Pioneering Bryn Seiont art project in running for a top award
A pioneering art project that bridged the generation gap between residents of a Pendine Park care home and local primary school children is in the running for a top award.
Pupils from Ysgol yr Hendre in Caernarfon visited Bryn Seiont Newydd on the outskirts of the town so they could work alongside the people living there to make tea cosies and tapestries.
The project to celebrate the area's links with Patagonia, the Welsh colony in Argentina, has reached the final of the prestigious Arts and Business Cymru Awards.
It was arranged by Arts and Business Cymru organisation and was being jointly funded by the Pendine Park which opened Bryn Seiont Newydd 18 months ago.
The project been shortlisted in the Arts, Business and Health Category and the winners will be announced at a glittering ceremony at the Wales Millennium Centre in Cardiff on Friday, June 23.

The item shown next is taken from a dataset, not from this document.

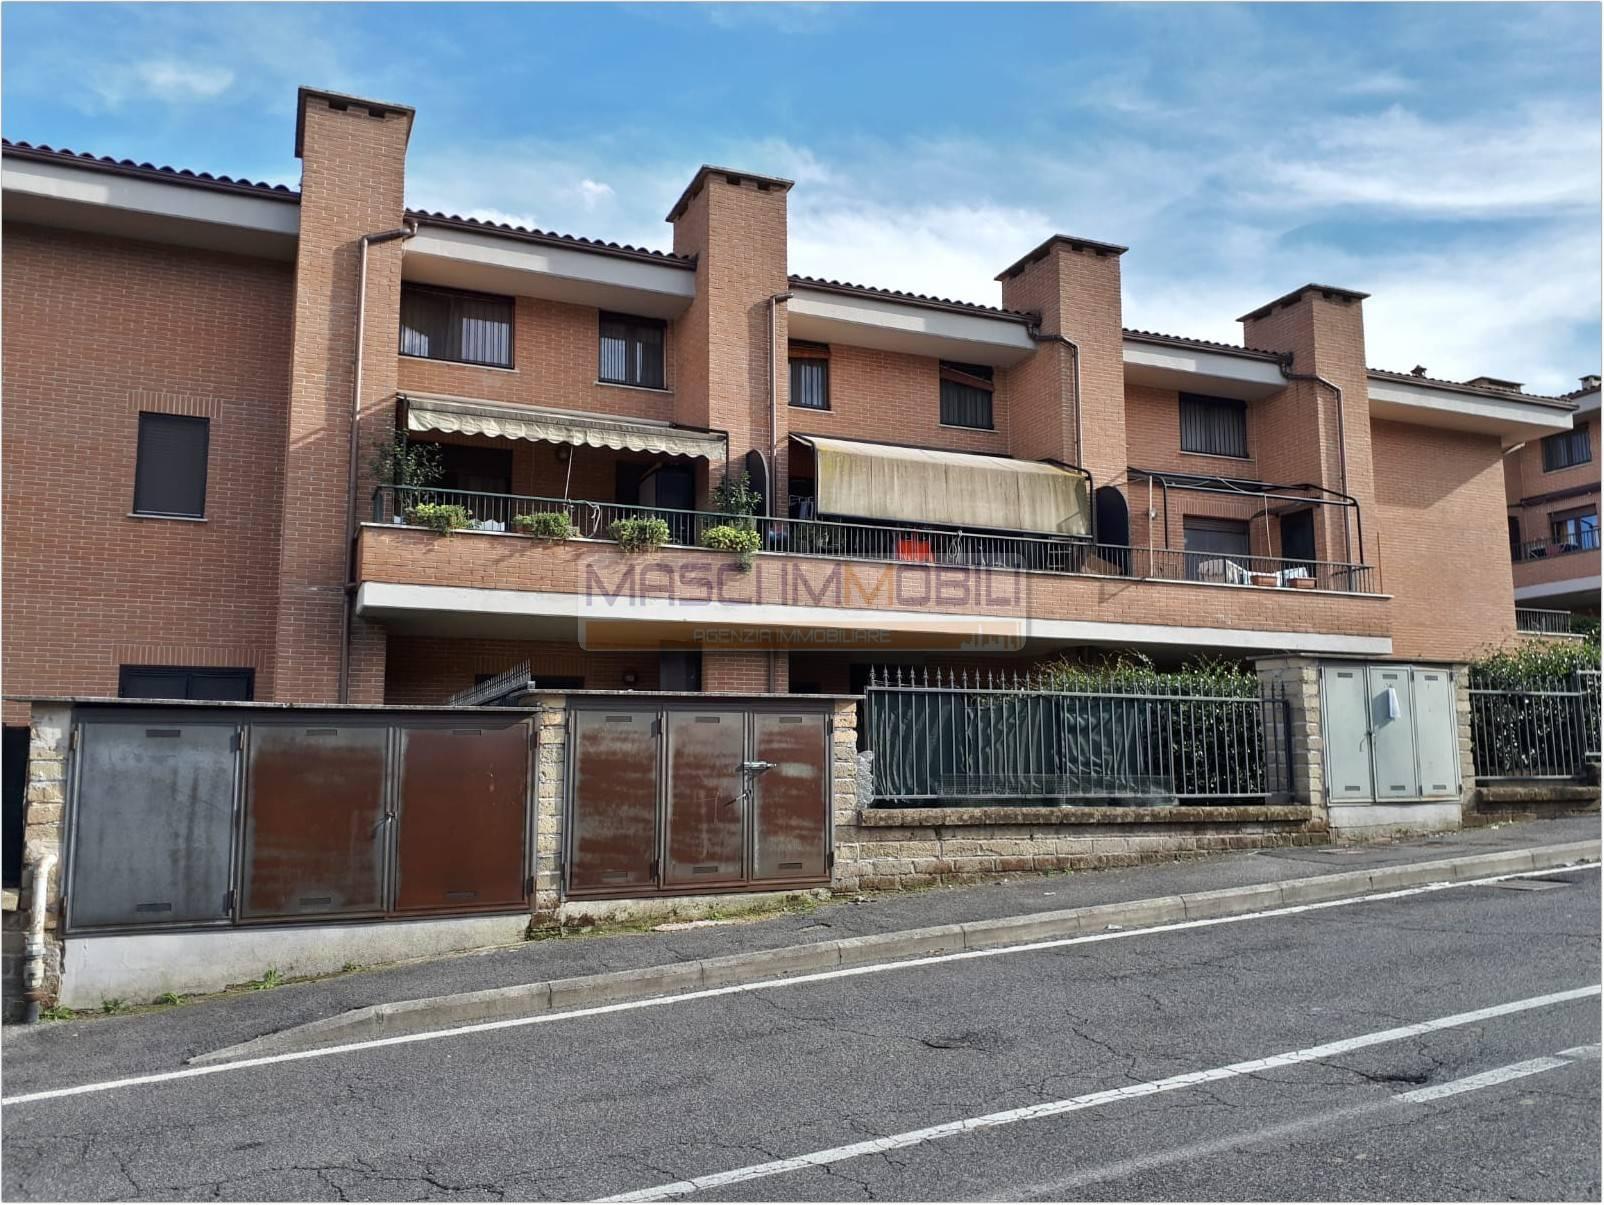 Appartamento in vendita a Fiano Romano, 3 locali, prezzo € 99.000   PortaleAgenzieImmobiliari.it

The project was the brainchild of textile artist Cefyn Burgess, who hails from Bethesda and is based at Ruthin Craft Centre.
Pendine Park have won a host of awards from Arts and Business Cymru over the years and were named Business of the Year in 2015.
Proprietors Mario and Gill Kreft are now planning their own visit to Patagonia to see how the project can bring even closer ties between the communities in South America and North Wales.
Mario said: "The arts is the golden thread that runs through everything we do as part of our enrichment programme that is designed to enhance and improve quality of life for our residents and the staff who care for them.
"We were delighted to partner with Cefyn Burgess to be involved in this very special project.
"Seeing the positive benefits to residents, staff and the schoolchildren has been a humbling and truly uplifting experience and one that will live on not just in our memories but also as a long-lasting legacy that will live on."
The first meeting to discuss the historic migration to Patagonia took place at Engedi Chapel in Caernarfon and 150 Welsh settlers set sail aboard a clipper called the Mimosa on May 28, 1865.
There are now 5,000 people in the Chubut area who still speak Welsh, and in recent years there has been a significant revival of interest in all things Welsh, particularly since the 150th anniversary last year.